Coster had been born in Holland and followed his older brother to New York around the Revolution. They became successful merchants of "Holland goods" before the brother's death in 1821. John became President of the Merchant's Bank in 1826, and was a director of the Manhattan Bank and the Phoenix and Globe Insurance Companies. He married Catharine Lorillard, linking him with one of the city's wealthiest families.
In 1830, Coster's mansion was the only holdout on the block John Jacob Astor wanted for his luxurious new Astor House hotel; Astor was forced to pay $60,000 for the plot. Coster commissioned a lavish new mansion from A.J. Davis and Ithlet Town at 539-540 Broadway, between Spring and Prince. Described by diarist Philip Hone as "a noble granite house, furnished in the most elegant style", it was probably for this grand new house that this tureen was commissioned.
The new house was abandoned to the commercialization of Broadway shortly after Coster's death in 1846, becoming a theater, but the tureen descended in the family - the Costers had nine children - until its sale in 1992.
(Much information drawn from "The Lost Coster Mansion" on 'Daytonian in Manhattan' blog, November 21, 2016).
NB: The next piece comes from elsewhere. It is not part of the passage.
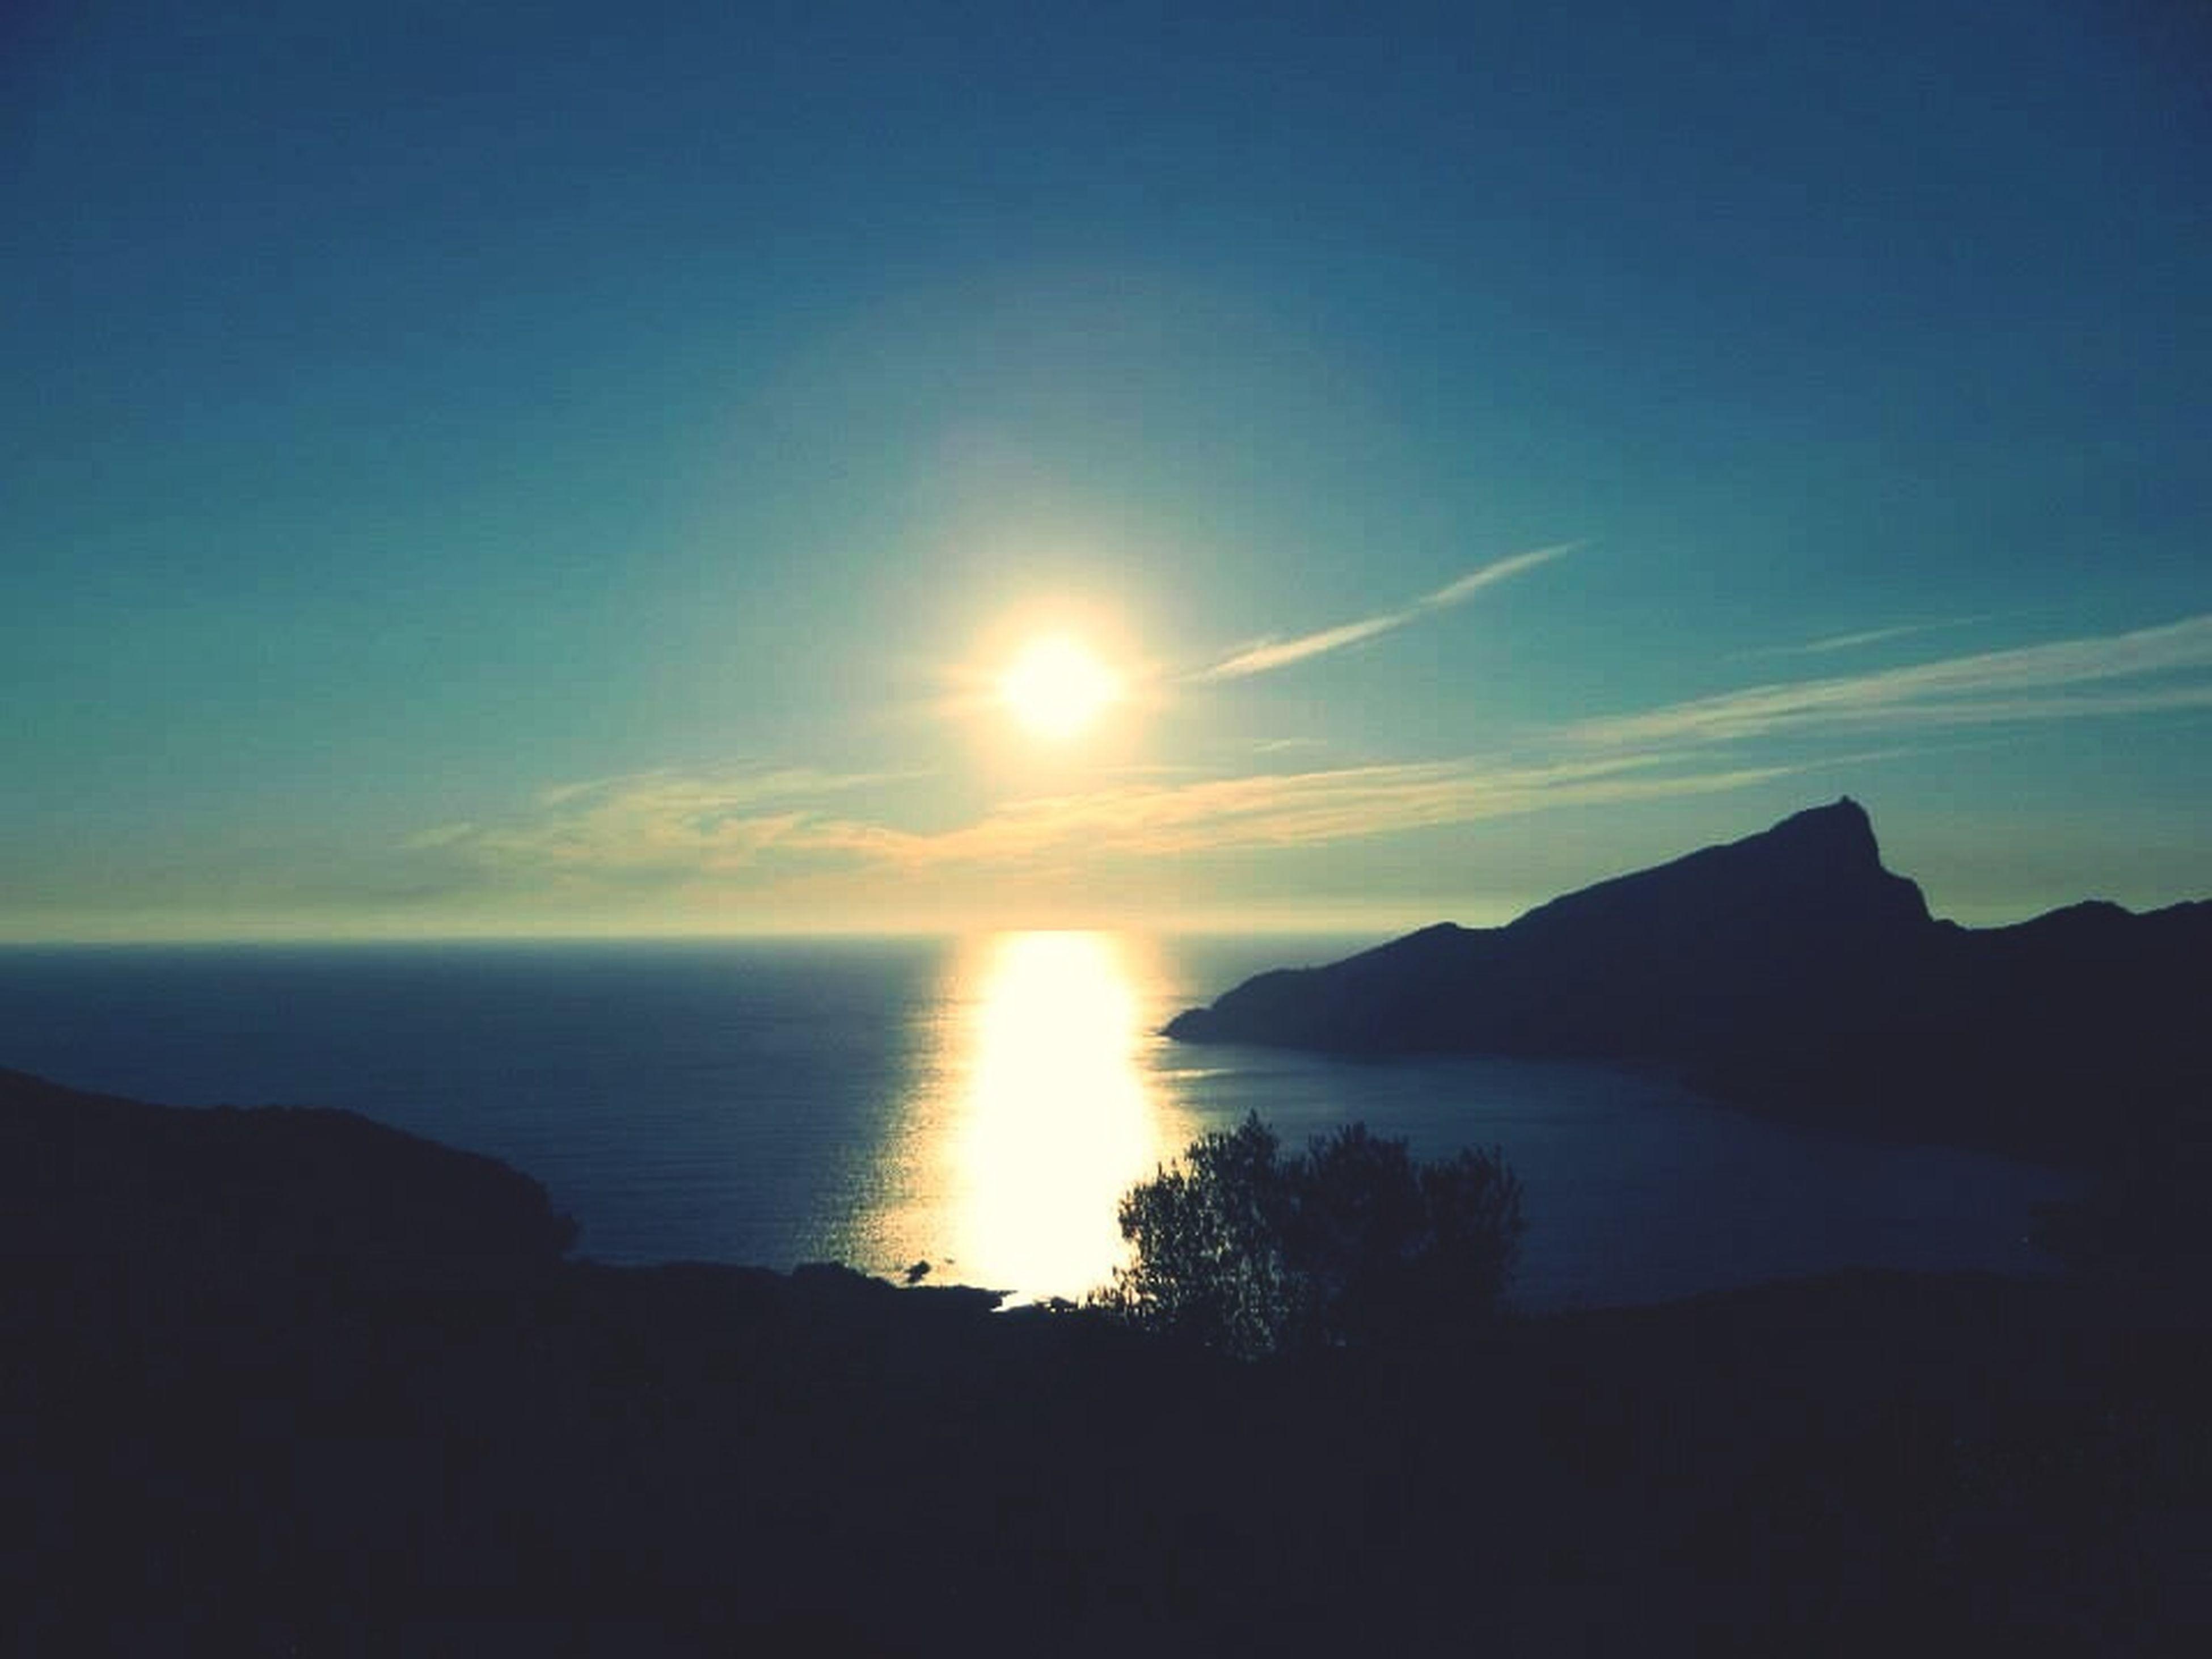 tranquil scene, scenics, sea, water, sun, tranquility, beauty in nature, sky, silhouette, horizon over water, sunset, idyllic, nature, reflection, mountain, sunlight, sunbeam, blue, calm, outdoors

Baldwin Gardiner (1791-1869) was the younger brother of silversmith Sidney Gardiner, of the firm Fletcher and Gardiner. Baldwin worked for this partnership in their new Philadelphia retail shop until 1815 when he established his own fancy hardware store. He partnered with his brother-in-law Lewis Veron from 1817 to 1826, then moved to New York to open a household furnishings warehouse. Located at 149 Broadway, this carried imported and more substantial goods than the Philadelphia shop. In addition to home furnishings, Baldwin retailed special-order silver wares, the orders often filled by Fletcher and Gardiner. Baldwin Gardiner's career as a silver manufacturer and retailer ended in 1848 when he moved again, to California.
This tureen shows the ambition of wealthy Americans to live as well as their English counterparts. The overall design is very similar to an example by the Royal Goldsmiths Rundell, Bridge, and Rundell, with lobed body and acanthus band, and the whole raised on a plateau (see Clayton, Michael. Christie's Pictoral History of English and American Silver, 1985, p. 252 No. 2, incorrectly dated 1810).